BPt.Dataset.get_Xy#
- Dataset.get_Xy(problem_spec='default', **problem_spec_params)[source]#
This function is used to get a sklearn-style grouping of input data (X) and target data (y) from the Dataset as according to a passed problem_spec.
Note: X and y are returned as pandas DataFrames not Datasets, so none of the Dataset meta data is accessible through the returned X, y here.
- Parameters
- problem_spec
ProblemSpec
or ‘default’, optional - This argument accepts an instance of the params class
ProblemSpec
. This object is essentially a wrapper around commonly used parameters needs to define the context the model pipeline should be evaluated in. It includes parameters like problem_type, scorer, n_jobs, random_state, etc…If left as ‘default’, then will initialize a ProblemSpec with default params.SeeProblemSpec
for more information and for how to create an instance of this object.default = 'default'
- problem_spec_params
ProblemSpec
params, optional You may also pass any valid parameter value pairs here, e.g.

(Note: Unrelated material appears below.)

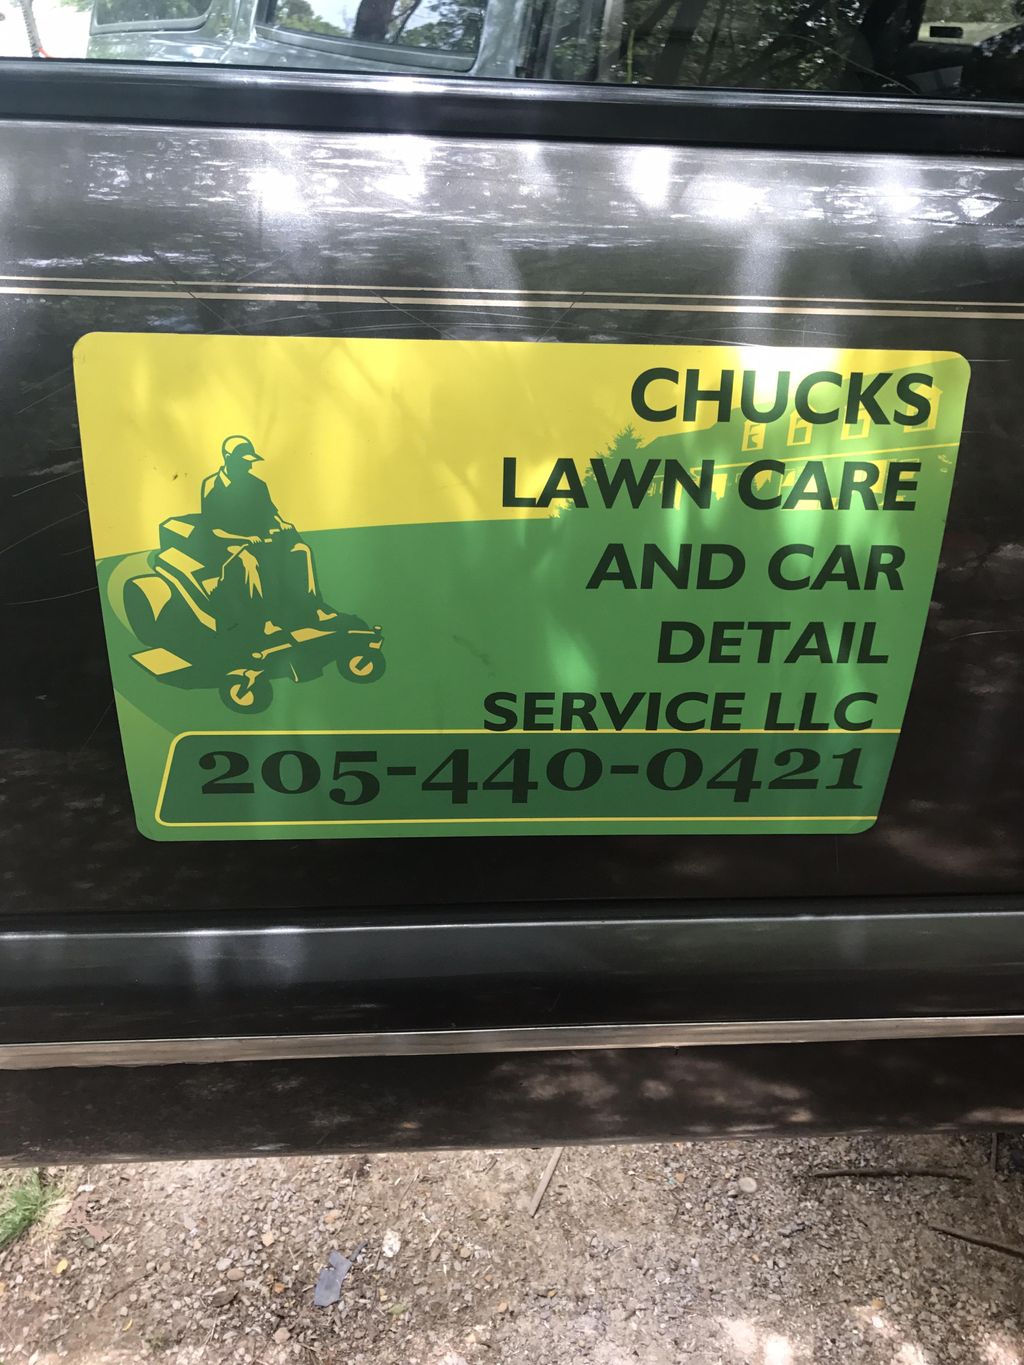 Chucks lawn care and car detail services llc

X, y = get_Xy(problem_spec=problem_spec, problem_type='binary')
Any parameters passed here will override the original value in problem spec. This can be useful when using all default values for problem spec except for one, e.g., you just want to change random_state.
X, y = get_Xy(problem_spec='default', random_state=5)
- problem_spec
- Returns
- Xpandas DataFrame
DataFrame with the input data and columns as specified by the passed problem_spec. Note: the index will be sorted in identicially between X and y.
- ypandas Series
Series with the the target values as requested by the passed problem_spec. Note: the index will be sorted in identicially between X and y.